In response to those complaints, the chaplaincy launched required classes in March to squelch religious harassment among cadets, faculty, and staff. Dubbed Respecting the Religious Values of All People (RSVP), the 50-minute sessions led by a chaplain, a lawyer, and a commander illustrate proper handling of religious differences. "We have to achieve a balance of protecting First Amendment rights without getting carried away," Mr. Whitaker said. "We're not saying don't share your beliefs. Just do it appropriately."

The Academy has also issued reminders of long-standing rules against organized campus evangelism, public posting of religious material, using government e-mail to send religious messages, and endorsing a particular faith from a position of military or academic authority. "It's wrong to use your position or rank for any coercive dialogue," Col. Whittington said, explaining that equally ranked cadets can still discuss their faith as they please.

Evangelical speech within a voluntary chapel service also remains protected, according to an Academy statement released April 26: "Chaplain Watties' messages and sermons were deemed to be appropriate encouragement to his congregation to share their religious convictions." The statement also defended preaching the gospel as "a basic tenet of the Christian faith."

Kristen Leslie, the Yale professor who issued the memorandum, expressed dissatisfaction with the Academy's response, telling the Los Angeles Times that the RSVP training should focus less on cadets and more on those who could effect change-presumably chaplains. Col. Whittington said Ms. Leslie falsely believes that all worship services should be interfaith-friendly. "Every chaplain must abide by the tenets of their own faith," he said.

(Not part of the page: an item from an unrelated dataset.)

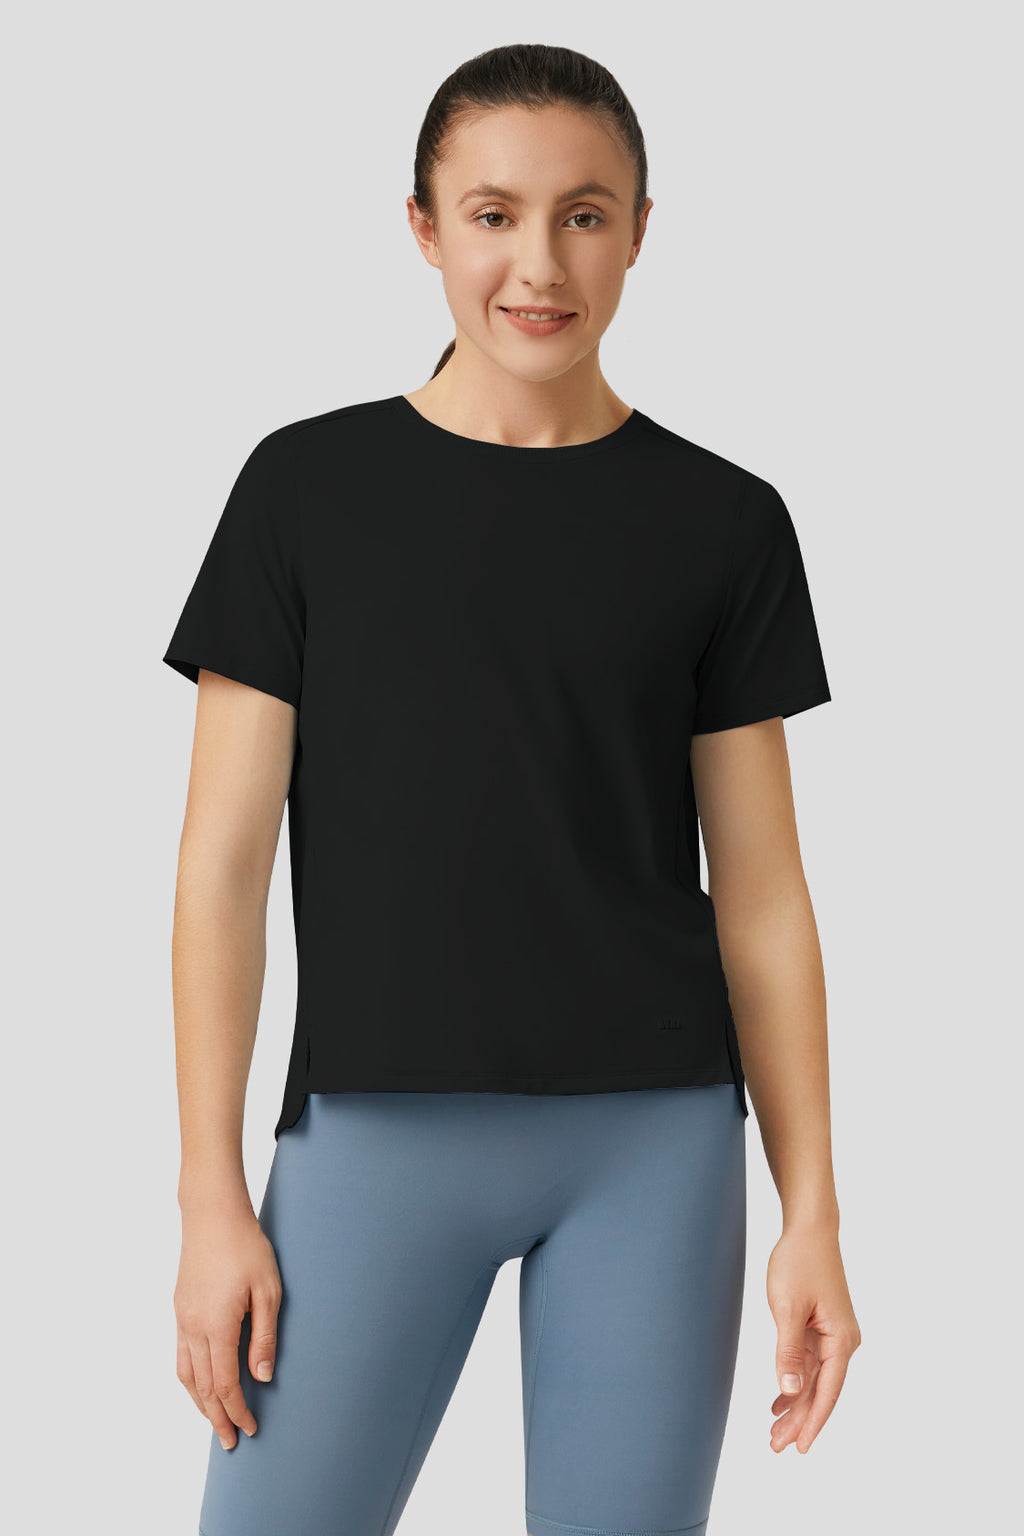 Binu - Women's Cooling T-Shirt UPF50+

Stan Giles, a National Guard chaplain just back from Kurdistan whose son attends the Air Force Academy, doubts very much that any military chaplain needs sensitivity training: "I've never met a chaplain who was not respectful of others and fully aware of their responsibility to provide access and availability to religious services for those outside their particular faith group."

Indeed, the Academy's few episodes of inappropriate religious speech stem from outside the chaplain ranks. In February, Curtis Weinstein told ABC he'd endured anti-Semitic verbal abuse from a fellow cadet. Critics eager to portray the problem as rampant have lumped such actions with more common and tame religious behavior, such as a student-run campaign to promote The Passion of the Christ-or an evangelical chaplain preaching evangelical themes.